Мери вошла в залу об руку с Еленой Павловной; князь шел подле нее; за ними толпа гостей, которые тотчас рассеялись по зале, привлеченные кто прелестью цветов, кто красивыми обертками кипсеков и журналов, которые манили обещаниями и посмешить, и занять картинками, и, если кому нужно, дать средство несколько минут пожить чужим умом. Мери со своими товарищами пошла к фортепьяно.

— Я никогда не бывал здесь, — сказал князь, осматриваясь кругом и как бы невольно уступая чувству удовольствия, которое внушало это грациозное соединение всего, что нравится чувствам. — Право, это царство фей, — продолжал он, подходя к дверям. — Здесь лианы, алоэсы, там печальная лиственница и сосна; вы берете дани со всех стран света.

— Надобно же как-нибудь обманывать воображение.

— Право? Я на минуту забыл было вечные жалобы на бедность нашей существенности.

Плутовские глазки Мери блеснули, как две звездочки, но вовсе не благодетельными лучами.

— Она вам кажется богатою, полною? — спросила Мери.

— На эту минуту.

— Вы невзыскательны.

— Как хороша эта роза! — продолжал князь, как бы не слыхав замечания Мери. — Теперь не в моде восхищаться розами, потому что это признанное, утвержденное всеми правами владычество; но вы согласитесь, что нет ничего совершеннее этого соединения грации и красоты. Правда, довольствуясь такою существенностью, мы только справедливы.

— Знаете ли, что нет ничего скучнее справедливости? Ведь это вечное одно и то же, не правда ли? — прибавила она, обращаясь к Елене Павловне, которая между тем у фортепьяно рассматривала ноты и по временам брала отдельные аккорды.

— Справедливости? Я тебе простила бы и несправедливость, только с одним условием.

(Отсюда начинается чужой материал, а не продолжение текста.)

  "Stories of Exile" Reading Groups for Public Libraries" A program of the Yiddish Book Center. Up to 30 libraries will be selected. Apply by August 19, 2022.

— О! Я не люблю условий… Боже мой, князь! Я не знала, что вы такой любитель цветов, вы смотрите на них… как будто переживая с ними все прошедшее.

Легкое изменение в лице князя, незаметное для невнимательного взора, не ускользнуло, однако ж, от Мери.

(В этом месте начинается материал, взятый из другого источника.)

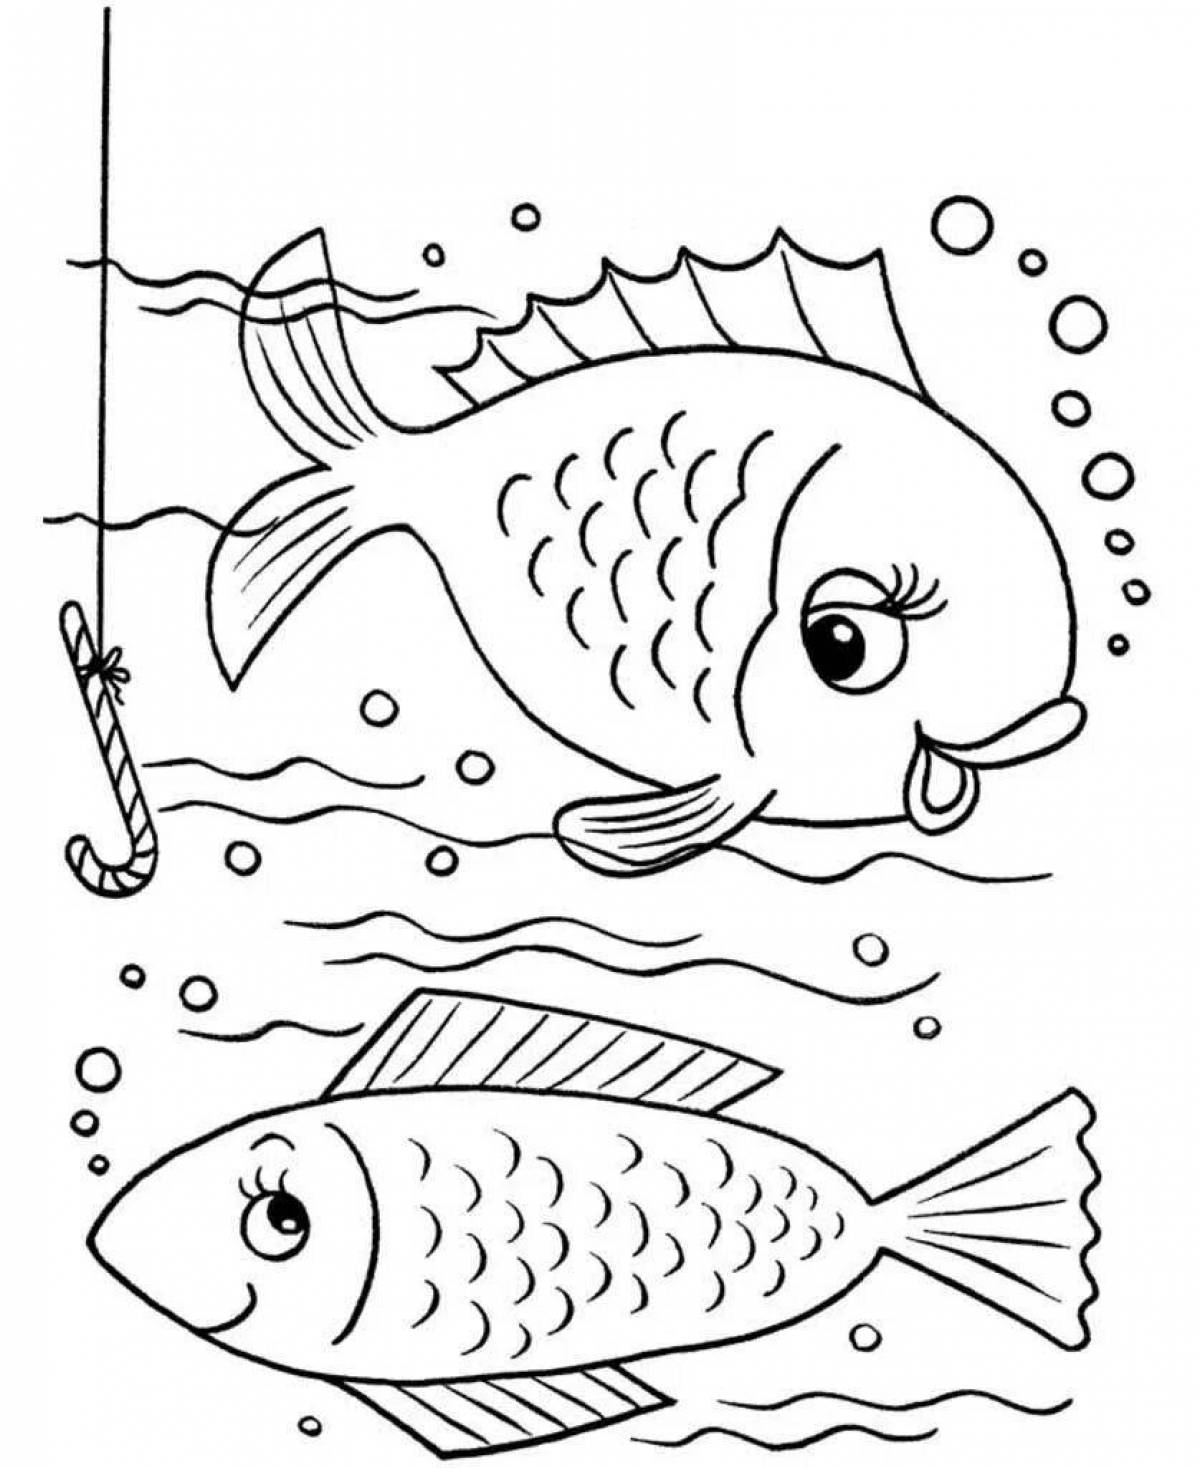 Incredible fish coloring book for boys

— Прошедшее? — сказал он, улыбаясь. — Вы слишком многого требуете, если хотите, чтоб я мог вспомнить о нем теперь…

— Когда настоящее так хорошо близ тебя, — пояснила Елена Павловна. — Но, Мери, мое условие?

— Посмотрим.

— Послушай… это уже без шуток, я обещала сестрице, что ты споешь сегодня что-нибудь. Она никогда тебя не слыхала.

— Что вы это? Куда же мне петь при всех!

— Вот прекрасно! Помилуй! Мне кажется, тебе можно петь при целом мире.

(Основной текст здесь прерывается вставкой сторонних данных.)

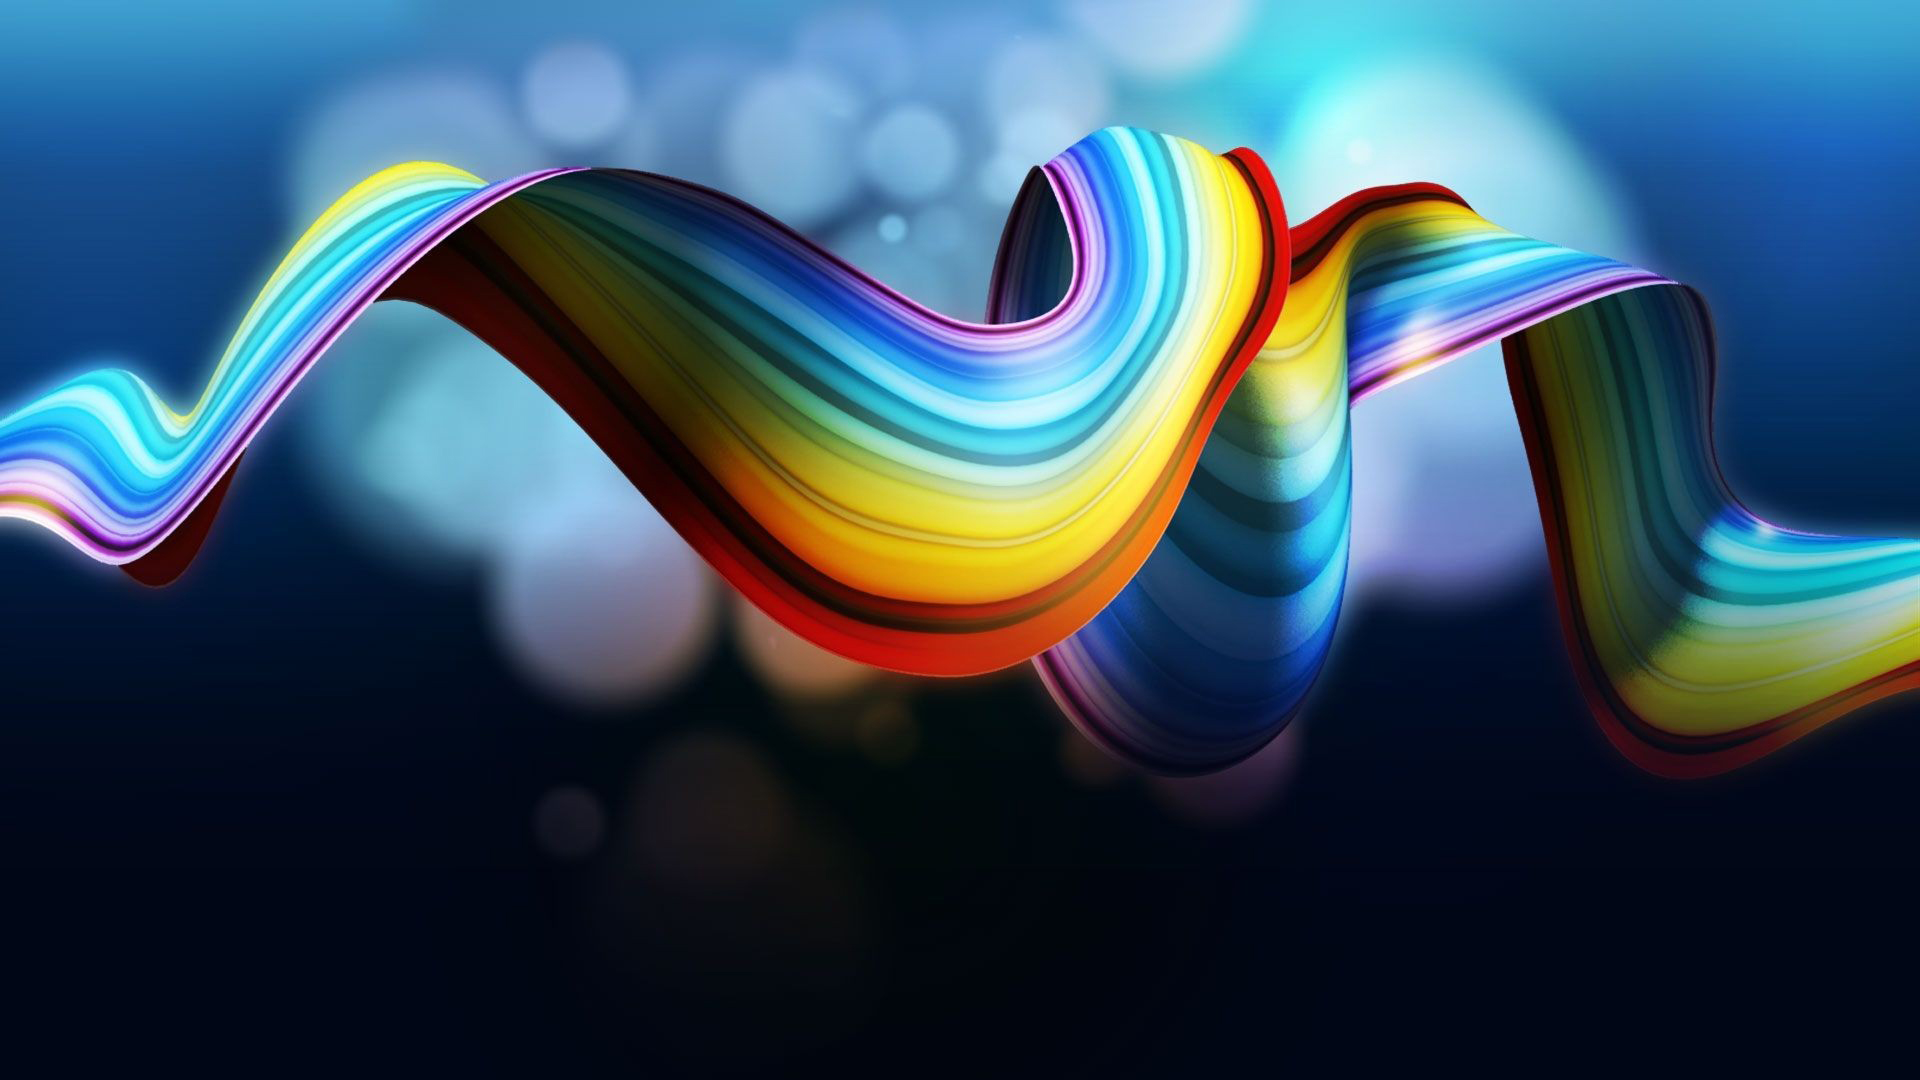 HD Rainbow Wallpaper For Your

— Ни за что в свете! Я же сегодня совсем не в голосе; слышите, как говорю?

— Как ангел. Бога ради, Мери, умоляю тебя. Ну, если ты не хочешь при всех, мы никому не скажем; спой только для меня. Слушать тебя — это для меня наслаждение, с которым ничто не сравнится.

— Полноте, chère tante[4], ни за что в свете; завтра, если хотите.

— Нет, сегодня, сейчас, с Евгением.

Мери еще отказывалась, еще кокетничала, хмурила бровки и была очень мила с этою гримаскою своенравного дитяти! Но вот они у рояля. Елена Павловна, сама музыкантша, и берется аккомпанировать. Раздались первые звуки, и со всех сторон сходятся и старые и молодые, составляют кружок, иные садятся на диванах, другие на креслах, поставленных кругом.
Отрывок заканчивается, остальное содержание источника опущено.